[Records from a data collection]
◆ ◆ ◆ ◆ ◆

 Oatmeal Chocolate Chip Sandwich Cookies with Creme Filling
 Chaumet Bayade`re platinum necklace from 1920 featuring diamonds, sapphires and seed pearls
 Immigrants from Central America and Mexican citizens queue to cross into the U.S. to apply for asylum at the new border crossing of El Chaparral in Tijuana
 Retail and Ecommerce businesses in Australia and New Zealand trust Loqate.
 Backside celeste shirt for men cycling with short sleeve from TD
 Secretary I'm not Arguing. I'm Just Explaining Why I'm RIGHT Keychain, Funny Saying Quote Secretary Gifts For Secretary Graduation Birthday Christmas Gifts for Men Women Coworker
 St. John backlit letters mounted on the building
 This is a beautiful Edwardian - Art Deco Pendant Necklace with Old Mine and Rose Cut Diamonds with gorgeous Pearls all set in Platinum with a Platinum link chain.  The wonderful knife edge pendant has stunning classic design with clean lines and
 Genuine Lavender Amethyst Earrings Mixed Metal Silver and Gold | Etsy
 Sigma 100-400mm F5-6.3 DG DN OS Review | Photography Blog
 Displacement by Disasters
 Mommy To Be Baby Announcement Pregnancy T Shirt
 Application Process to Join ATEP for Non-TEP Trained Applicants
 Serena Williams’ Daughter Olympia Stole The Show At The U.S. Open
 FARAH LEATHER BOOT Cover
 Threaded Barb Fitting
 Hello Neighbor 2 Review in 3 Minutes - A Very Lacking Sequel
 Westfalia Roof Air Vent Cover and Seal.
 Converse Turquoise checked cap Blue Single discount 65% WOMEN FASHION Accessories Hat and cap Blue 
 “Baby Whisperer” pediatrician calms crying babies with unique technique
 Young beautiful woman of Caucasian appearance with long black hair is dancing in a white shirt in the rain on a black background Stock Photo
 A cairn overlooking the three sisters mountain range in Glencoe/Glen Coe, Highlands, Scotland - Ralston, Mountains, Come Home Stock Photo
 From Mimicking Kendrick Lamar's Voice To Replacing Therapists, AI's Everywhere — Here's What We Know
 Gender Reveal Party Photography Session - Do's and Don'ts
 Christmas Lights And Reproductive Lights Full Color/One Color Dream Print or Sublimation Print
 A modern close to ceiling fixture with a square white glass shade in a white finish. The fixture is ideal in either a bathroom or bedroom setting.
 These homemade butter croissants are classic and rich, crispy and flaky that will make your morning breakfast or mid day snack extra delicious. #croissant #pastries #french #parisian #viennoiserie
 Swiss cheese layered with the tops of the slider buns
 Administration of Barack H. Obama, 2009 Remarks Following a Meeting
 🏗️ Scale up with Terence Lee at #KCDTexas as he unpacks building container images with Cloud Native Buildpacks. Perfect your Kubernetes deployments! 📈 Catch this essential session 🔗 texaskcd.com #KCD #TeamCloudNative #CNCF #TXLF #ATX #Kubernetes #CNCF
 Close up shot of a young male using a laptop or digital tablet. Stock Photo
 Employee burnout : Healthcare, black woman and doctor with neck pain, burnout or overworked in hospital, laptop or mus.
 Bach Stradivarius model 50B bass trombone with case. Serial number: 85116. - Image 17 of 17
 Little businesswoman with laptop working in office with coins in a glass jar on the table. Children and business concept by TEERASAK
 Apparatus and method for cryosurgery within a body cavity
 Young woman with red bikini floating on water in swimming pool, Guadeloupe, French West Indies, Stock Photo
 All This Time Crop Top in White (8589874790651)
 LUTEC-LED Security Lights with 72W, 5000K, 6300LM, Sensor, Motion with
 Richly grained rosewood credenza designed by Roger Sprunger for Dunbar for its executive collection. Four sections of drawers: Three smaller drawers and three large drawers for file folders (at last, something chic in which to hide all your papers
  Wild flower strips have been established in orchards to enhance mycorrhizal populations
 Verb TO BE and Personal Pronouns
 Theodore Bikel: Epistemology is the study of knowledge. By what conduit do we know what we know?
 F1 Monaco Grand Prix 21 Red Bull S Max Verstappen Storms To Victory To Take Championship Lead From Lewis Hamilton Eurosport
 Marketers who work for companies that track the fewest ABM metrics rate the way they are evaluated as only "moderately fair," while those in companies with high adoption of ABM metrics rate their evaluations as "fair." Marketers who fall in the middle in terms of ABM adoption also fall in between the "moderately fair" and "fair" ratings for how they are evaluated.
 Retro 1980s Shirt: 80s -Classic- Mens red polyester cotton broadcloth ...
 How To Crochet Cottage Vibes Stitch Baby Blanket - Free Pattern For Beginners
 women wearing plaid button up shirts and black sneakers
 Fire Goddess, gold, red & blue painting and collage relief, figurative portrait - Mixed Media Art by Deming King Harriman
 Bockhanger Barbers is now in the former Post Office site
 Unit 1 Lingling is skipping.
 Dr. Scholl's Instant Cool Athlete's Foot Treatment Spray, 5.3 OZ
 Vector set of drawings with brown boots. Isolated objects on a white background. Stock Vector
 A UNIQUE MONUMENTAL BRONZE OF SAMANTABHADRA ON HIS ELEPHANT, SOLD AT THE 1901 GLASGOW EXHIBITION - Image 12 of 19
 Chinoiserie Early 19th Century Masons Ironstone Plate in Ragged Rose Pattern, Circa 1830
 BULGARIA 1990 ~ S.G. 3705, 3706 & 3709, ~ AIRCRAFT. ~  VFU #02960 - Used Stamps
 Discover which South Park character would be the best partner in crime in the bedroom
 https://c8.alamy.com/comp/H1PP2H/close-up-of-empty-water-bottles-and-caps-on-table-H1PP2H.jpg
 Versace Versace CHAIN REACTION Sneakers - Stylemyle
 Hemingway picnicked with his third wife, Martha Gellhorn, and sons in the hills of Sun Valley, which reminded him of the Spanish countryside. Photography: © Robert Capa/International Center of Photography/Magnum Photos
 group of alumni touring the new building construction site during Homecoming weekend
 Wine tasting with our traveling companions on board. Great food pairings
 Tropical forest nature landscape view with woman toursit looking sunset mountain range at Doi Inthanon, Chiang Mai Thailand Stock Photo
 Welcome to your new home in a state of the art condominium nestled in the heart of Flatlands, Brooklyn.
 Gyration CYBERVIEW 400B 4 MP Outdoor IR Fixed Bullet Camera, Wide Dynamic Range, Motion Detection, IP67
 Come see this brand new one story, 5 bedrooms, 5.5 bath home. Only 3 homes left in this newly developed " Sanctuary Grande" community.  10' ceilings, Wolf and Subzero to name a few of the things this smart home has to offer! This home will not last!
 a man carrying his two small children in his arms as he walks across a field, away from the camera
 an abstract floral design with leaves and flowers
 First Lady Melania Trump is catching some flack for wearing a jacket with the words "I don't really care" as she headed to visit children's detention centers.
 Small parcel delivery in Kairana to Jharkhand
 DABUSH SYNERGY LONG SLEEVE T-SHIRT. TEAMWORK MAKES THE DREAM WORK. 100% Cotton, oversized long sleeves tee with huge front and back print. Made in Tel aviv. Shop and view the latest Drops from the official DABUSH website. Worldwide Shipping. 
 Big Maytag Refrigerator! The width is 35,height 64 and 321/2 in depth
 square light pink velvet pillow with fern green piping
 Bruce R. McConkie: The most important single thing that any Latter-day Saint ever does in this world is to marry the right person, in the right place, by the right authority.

◆ ◆ ◆ ◆ ◆

> _Task to complete_: All lines above holding the word "Pattern" make up the answer; copy each one.

> _Output for this exercise_:
 How To Crochet Cottage Vibes Stitch Baby Blanket - Free Pattern For Beginners
 Chinoiserie Early 19th Century Masons Ironstone Plate in Ragged Rose Pattern, Circa 1830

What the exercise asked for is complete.